Елизавета Абаринова-Кожухова - Искусство наступать на швабру
– Да-да, – оживился Серапионыч, – читая такие документы, как бы приобщаешься к иной эпохе, ощущаешь связь времен...
– Однако тут всего пару страниц, – заметил Василий, достав дневник из стола, – а дальше чистые листы.
– Ну да, Кассирова же говорила, что это последняя тетрадка, -вспомнила Чаликова.

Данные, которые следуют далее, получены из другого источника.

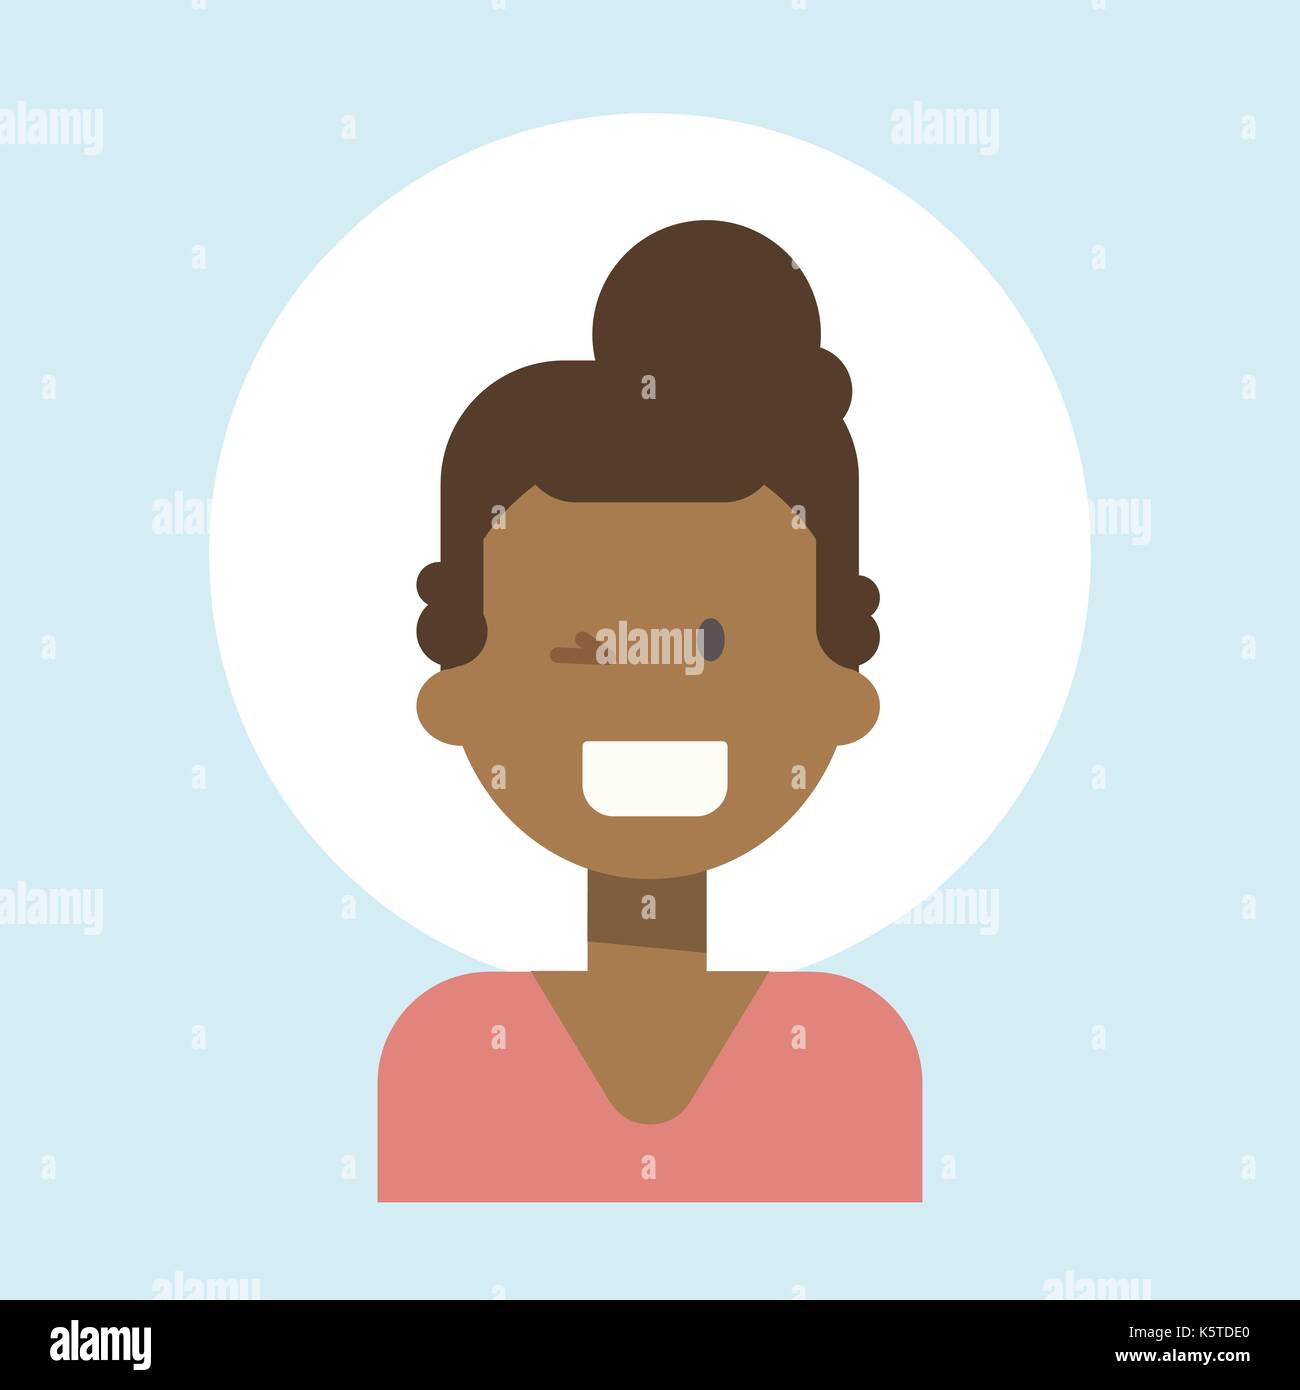 African American Female Winking Emotion Profile Icon, Woman Cartoon Portrait Happy Smiling Face Stock Vector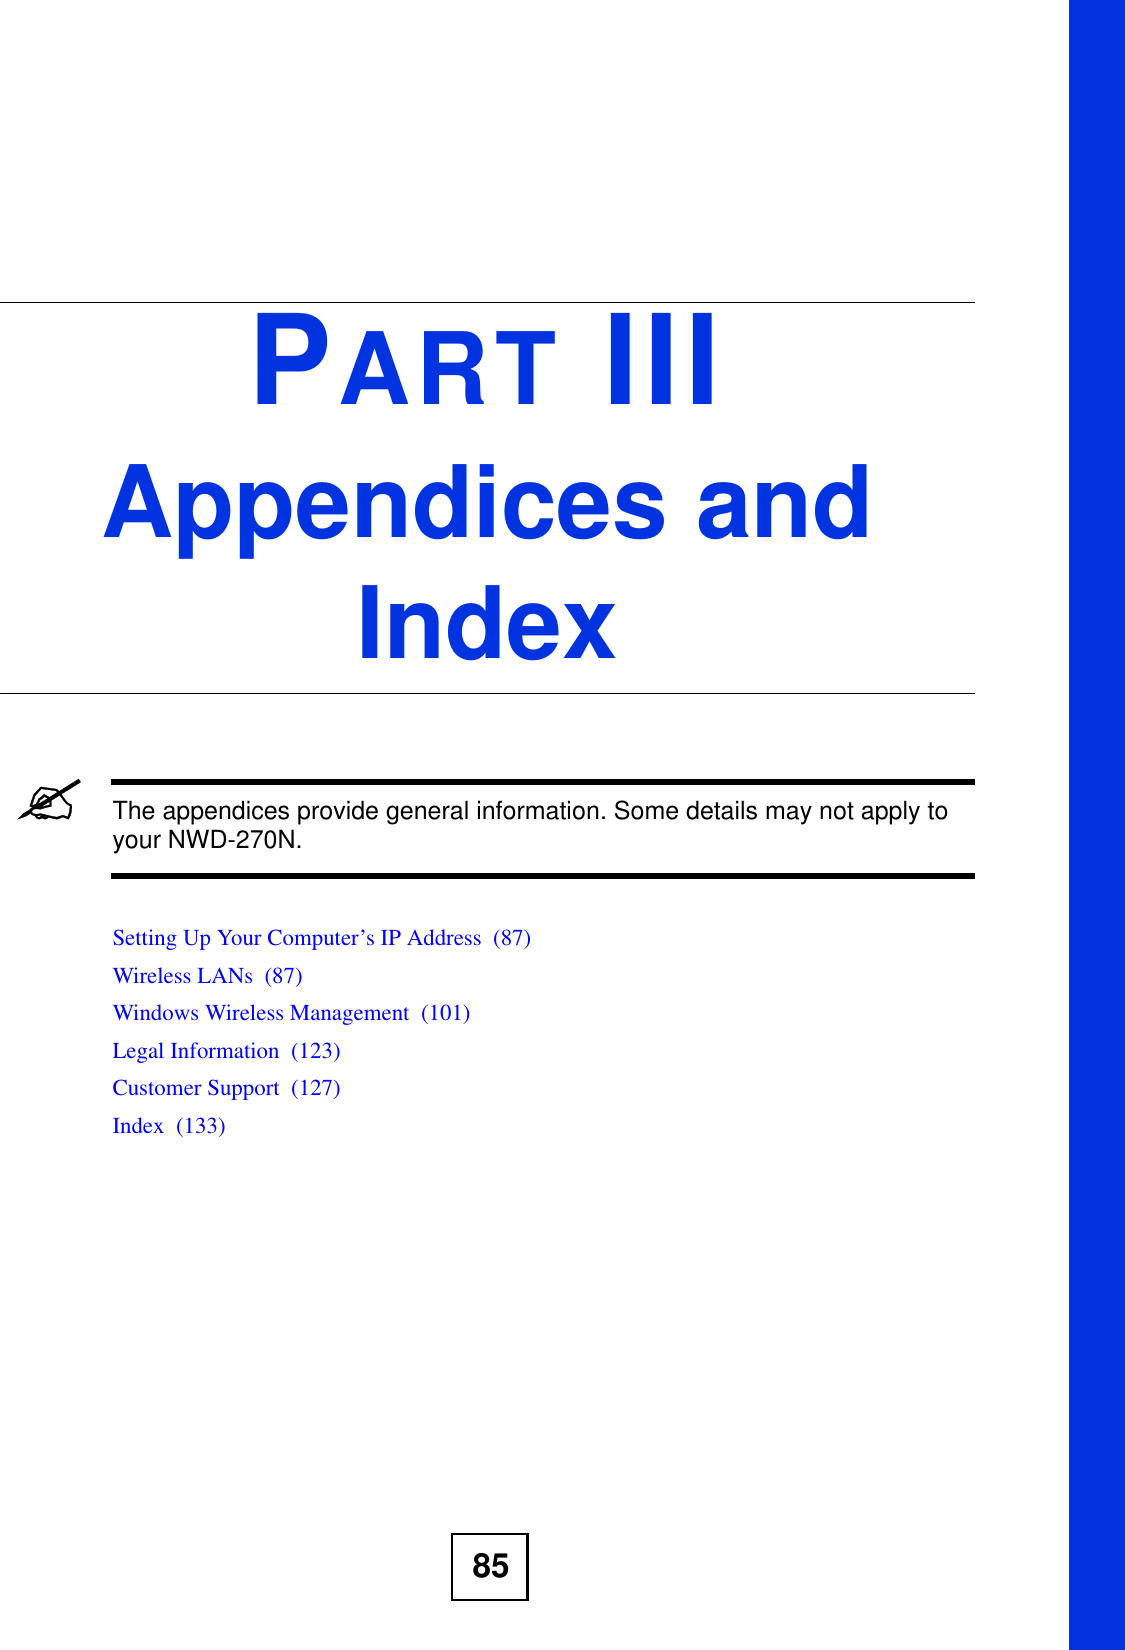 85PART IIIAppendices and Index&quot;The appendices provide general information. Some details may not apply to your NWD-270N.Setting Up Your Computer’s IP Address  (87)Wireless LANs  (87)Windows Wireless Management  (101)Legal Information  (123)Customer Support  (127)Index  (133)

Разбирая не совсем четкий почерк, Дубов стал вслух читать:
– "28 октября 1898 года. Начинаю новую тетрадь своего дневника. Боюсь, что последнюю. Сегодня ко мне заходил милейший доктор Никифор Павлович. И хотя он всячески старался заверить меня, что дело идет на поправку, я понимаю, что дни мои сочтены. Ну что же, мне есть что вспомнить, оглядывая свою жизнь. Я была счастлива в муже и детях и дождалась даже внуков. Я была знакома с лучшими людьми своего времени, а с одним из них меня связывали и более тесные узы, хотя наши отношения с И.С., несмотря на все кривотолки, никогда не заходили далее некоего порога, отделяющего истинное чувство от того, что зовут греховной любовью. Как бы там ни было, я пронесла чувство к нему через всю свою долгую и, надеюсь, небесполезную жизнь". Так, ну дальше тут что-то о лекарствах, которые ей прописал Никифор Павлович... Ага, вот: "Не забыть бы дать указание Аннушке, чтобы после моей..."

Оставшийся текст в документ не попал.